By Steve Duplessie
The last five years have been about IT efficiency -- from an operations standpoint, and also in terms of making our "stuff" more efficient.
We've made storage, networks and servers more efficient by virtualizing them. But now it's time to stop concerning ourselves with making gear more efficient and instead focus on data efficiency.
After all, who cares about gear, other than gear makers? It's all about the data. It is time to further leverage our commodity hardware by systematically adding smart services on top of it so we can more readily focus on extracting as much value from our data as is possible.
Data efficiency is just as it sounds -- making the data we need more efficient to access, use and manage. That lets us drive more value out of it -- which, I would argue, is the entire raison d'âtre for IT.
In the storage world, data deduplication has been a hot efficiency "enabler," along with thin provisioning, snapshots, virtualization, multi-tenancy and data compression. Some of them are new, and some have been around forever, it seems. All of them are important.
But when it comes to making data more efficient, it's important to consider the "why" and not just the "how." For example, most data deduplication solutions are designed for backup, not primary data environments. I'm all for making data backups more efficient, but that only represents a small fraction of the value potential for IT.
We have done a decent job, over the last five or so years, at making the systems that store and manage data far more efficient. We can thin provision (virtualize) physical storage assets so that we get the most use out of them. We virtualize data (from a presentation perspective) with the use of snapshots. With multi-tenancy, we can optimize the utilization of our physical assets across multiple constituents. All that is good, but new technologies exist that will allow us to take this much further.
Data compression comes of age
Data compression has been around for a long time, but this is one technology that is currently enjoying a renaissance period.
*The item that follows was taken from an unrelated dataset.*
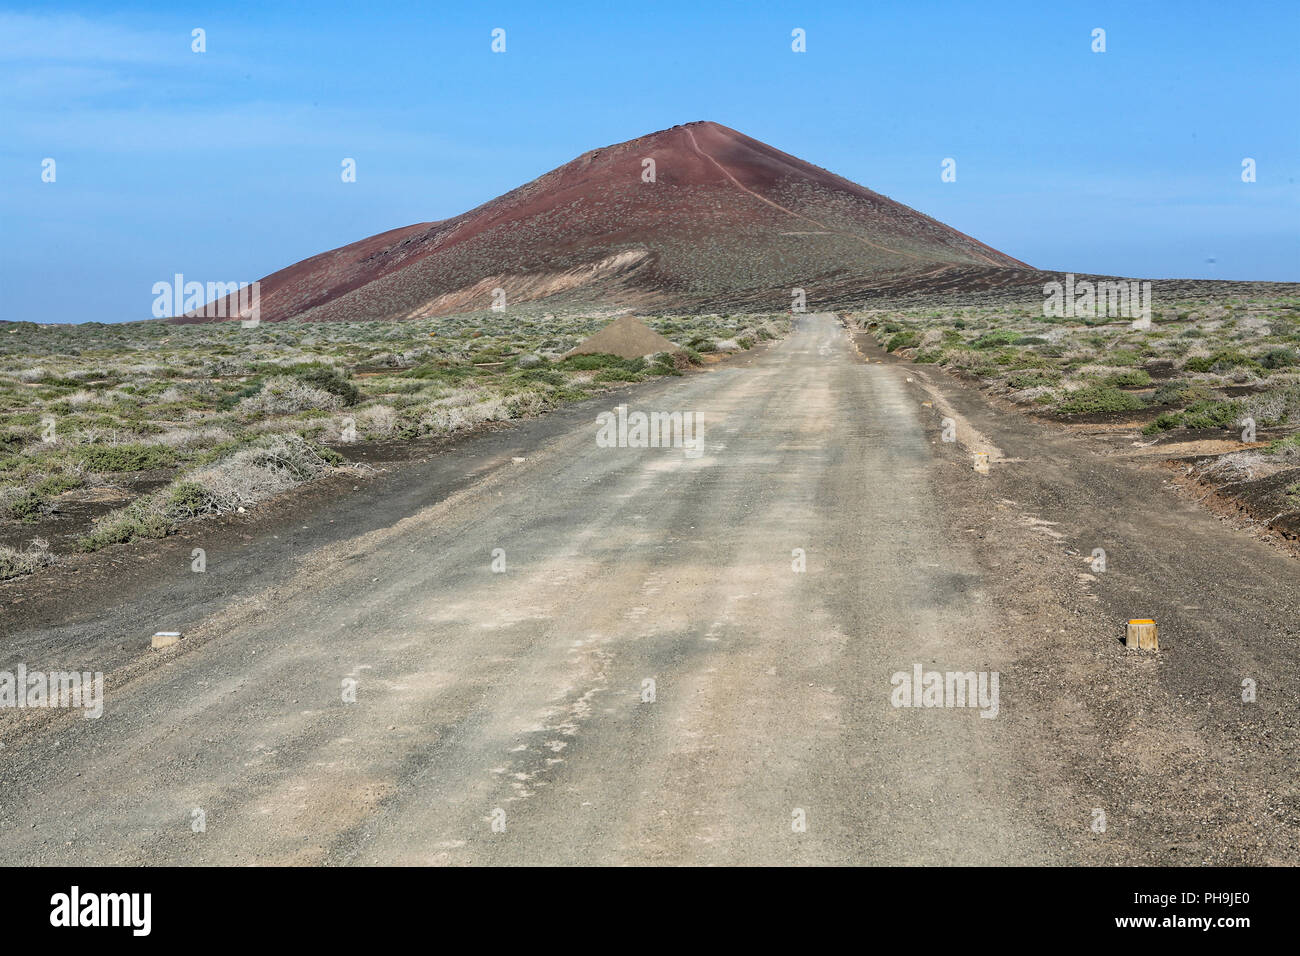 volcano at isla graciosa canarias - Stock Image

Primary data compression is going to change the fundamental efficiency and overall value proposition that users derive. That's because you get more value when you create efficiencies closer to the point of data "creation." Think of it this way: If you start with 100 GB of primary data, over time you will back it up x times, so you'll end up with 100 GB of primary data, and 100 GBx of backup, or secondary, data. Backup deduplication players such as EMC Data Domain spend their time on the 100x problem -- and this is a good problem to spend time on. There are probably a lot of other uses/duplicates of the originating data throughout the organization between creation and backup -- like in test/development, data warehouses, etc.
Optimizing data as early as possible is the key. From that point on, all the downstream benefits are magnified. There's less to move, less to manage, less to back up, less to copy, less to replicate, less to store, and less to break. Less is the new more.
I'm not a genius, but it seems to me the most efficient way to do this is to leverage all of the tools at hand. First, compress the data as much as you can. We've proven that you can squish 50% or more out of the primary footprint of almost any kind of data, including databases. Second, deduplicate it. You can dedupe anything left over after you complete your compression work. People don't want all of their data deduped, but that's OK. Eliminate what you don't need, and start clean. That gives you the perfect baseline.
From there, snap it, thin provision it, copy it (virtually) -- and do whatever else you would like to do with it. At least you begin the journey with an optimized footprint, which makes everything else you do with that data far more efficient.
The trick is to compress in real time, without suffering the performance penalties that you remember from 20 years ago. It can be done today. We do some amazing things at wire speed that weren't possible even a few years ago. There will be a lot of money and R&D spent in this area, I predict, as it seems clear to me that it simply has to happen.
Moving the value needle of data storage optimization from the "dead" end of the wire to the "live" end (where data is created) is inevitably the best way to drive value all the way through the entire lifecycle of that data. Everywhere that data sits, every time that data is manipulated or used, there is value that can be optimized.